Şia’nın Temel Fırkaları

Soru

Eğer mümkünse Şia’nın temel fırkalarının sayısını beyan eder misiniz?

Kısa Cevap

Şia kavramı sözlükte “takipçi”, “yaver” ve bir tarz yol ve dine sahip olma anlamına gelir. Müslümanlar arasındaki literatürde ise Hz. Ali’nin (a.s) takipçilerine özgü bir bağlamda kullanılmıştır. Bu kavram hakkındaki en doğru tanım şudur: “Şia, Hz. Ali’nin (a.s) veliahtlığının nas yoluyla belirlendiğine ve onun Peygamber-i Ekrem’e (s.a.a) veliaht olma hususunda en liyakatli şahıs olduğuna inanan kimsedir.”

Şia kavramı genel bir anlam ifade edip kabul edilen tanım uyarınca Zeydiye, Keysaniye, İsmailiye gibi tüm Şia fırka ve gurupları kapsar.

Ehl-i Beyt (a.s) takipçileri hakkında Caferî, Talibî, Hasse, Alevî, Fatımî, İmamî gibi başka kavramlar da kullanmaktadırlar. Şia’nın asıl fırkaları hakkında birkaç görüş vardır. Bağdadî kitabında, Şia’nın asıl fırkalarını Zeydiye, Keysaniye ve İmamiye diye üç fırka bilmiştir. Ama Şehristanî, İsmailiye’yi de asıl fırkalar kategorisinden saymıştır.

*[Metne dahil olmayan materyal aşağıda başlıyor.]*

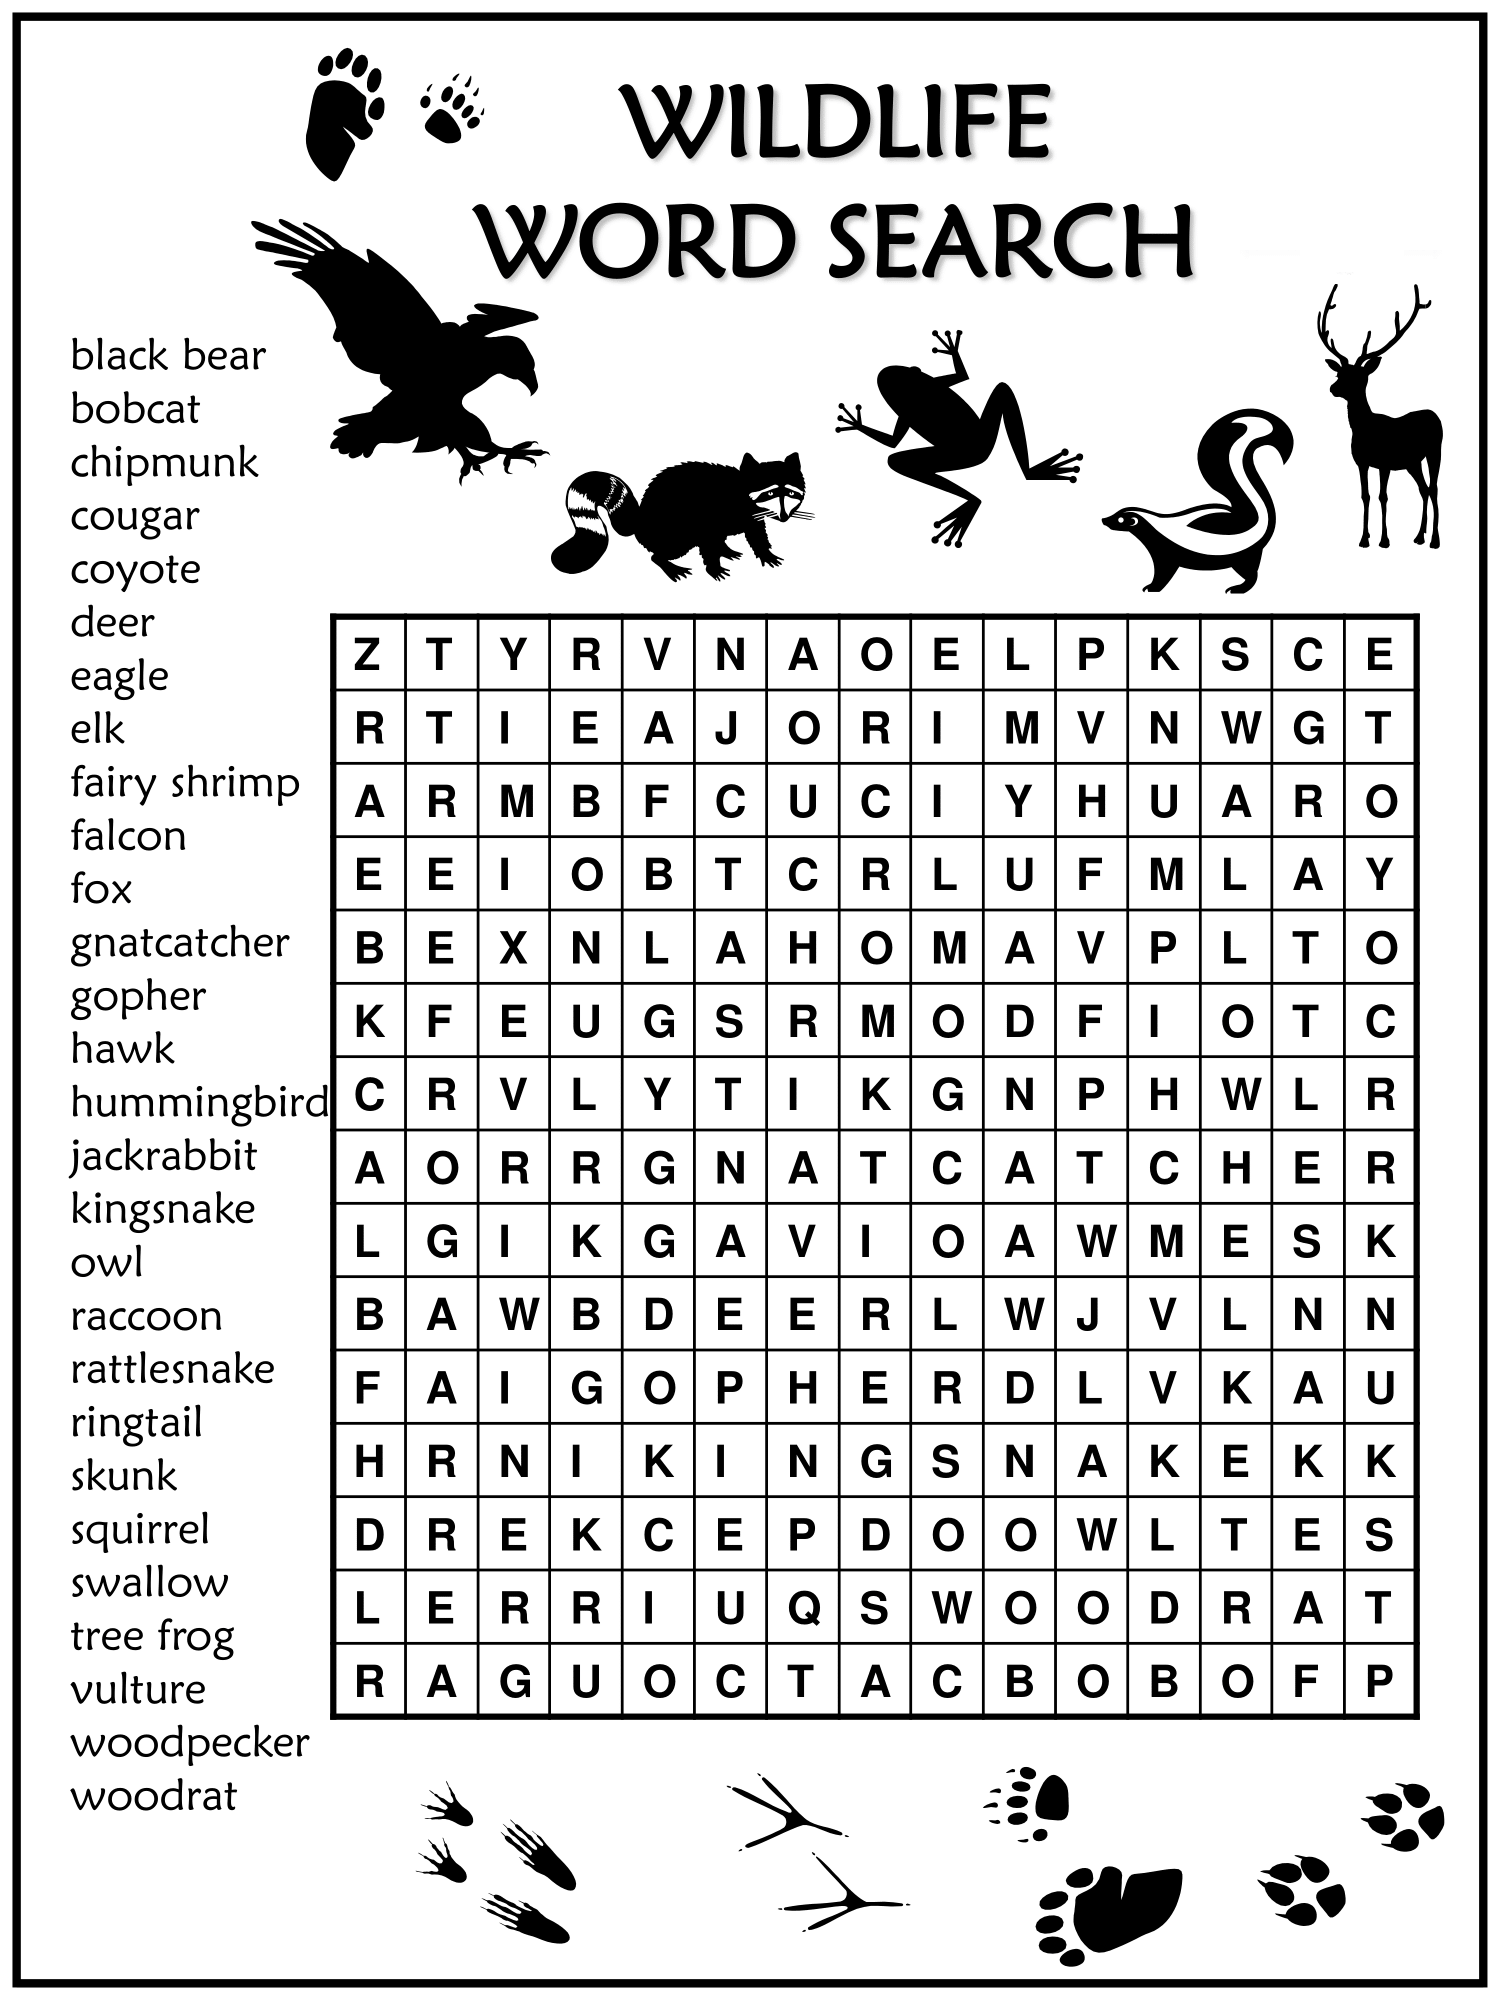 geography-blog-wildlife-word-search

Hace Tûsi (r.a) Kavaidu’l-Akaid’te Bağdadî’nin görüşüne katılmış ve Zeydiye, Keysaniye ve İmamiye’yi Şia’nın asıl fırkaları bilmiştir. Şia âlimleri ve din ve mezhepler tarihçileri arasında meşhur olan ise Şiiliğin asıl fırkalarının üç fırka olduğu ama onların da kolları ve uzantıları hakkında görüş ayrılıklarının bulunduğudur.

Ayrıntılı Cevap

Şia kavramı sözlük kitaplarında “takipçi”, “yaver” ve bir tarz, yol ve dine sahip olma anlamına gelir.[1] Şia kavramı, Müslümanlar arasındaki literatürde ise Hz. Ali’nin (a.s) takipçilerine özgü bir bağlamda kullanılmıştır.

Elbette bu tanımların hiçbiri kapsayıcı ve ayırt edici değildir. Tarihte Şia’nın muhtelif fırkalarına bakarak aşağıdaki tabirin bu kavram için en doğru tanım olduğu söylenebilir: Şia, Hz. Ali’nin (a.s) veliahtlığının nas yoluyla belirlenmiş bilen ve onu Peygamber-i Ekrem’in (s.a.a) veliahtlığı için en liyakatli şahıs gören kimseye denir. Bu tanımda Şia ve diğer guruplar arasında ayrılık noktası olan nas kavramına vurguda bulunulmuştur; zira diğer guruplar Peygamber-i Ekrem’in (s.a.a) veliahtlığını seçime dayandırmaktadır ama Şia bunu nas ve Peygamber-i Ekrem’in (s.a.a) beyanına bağlı bilmektedir.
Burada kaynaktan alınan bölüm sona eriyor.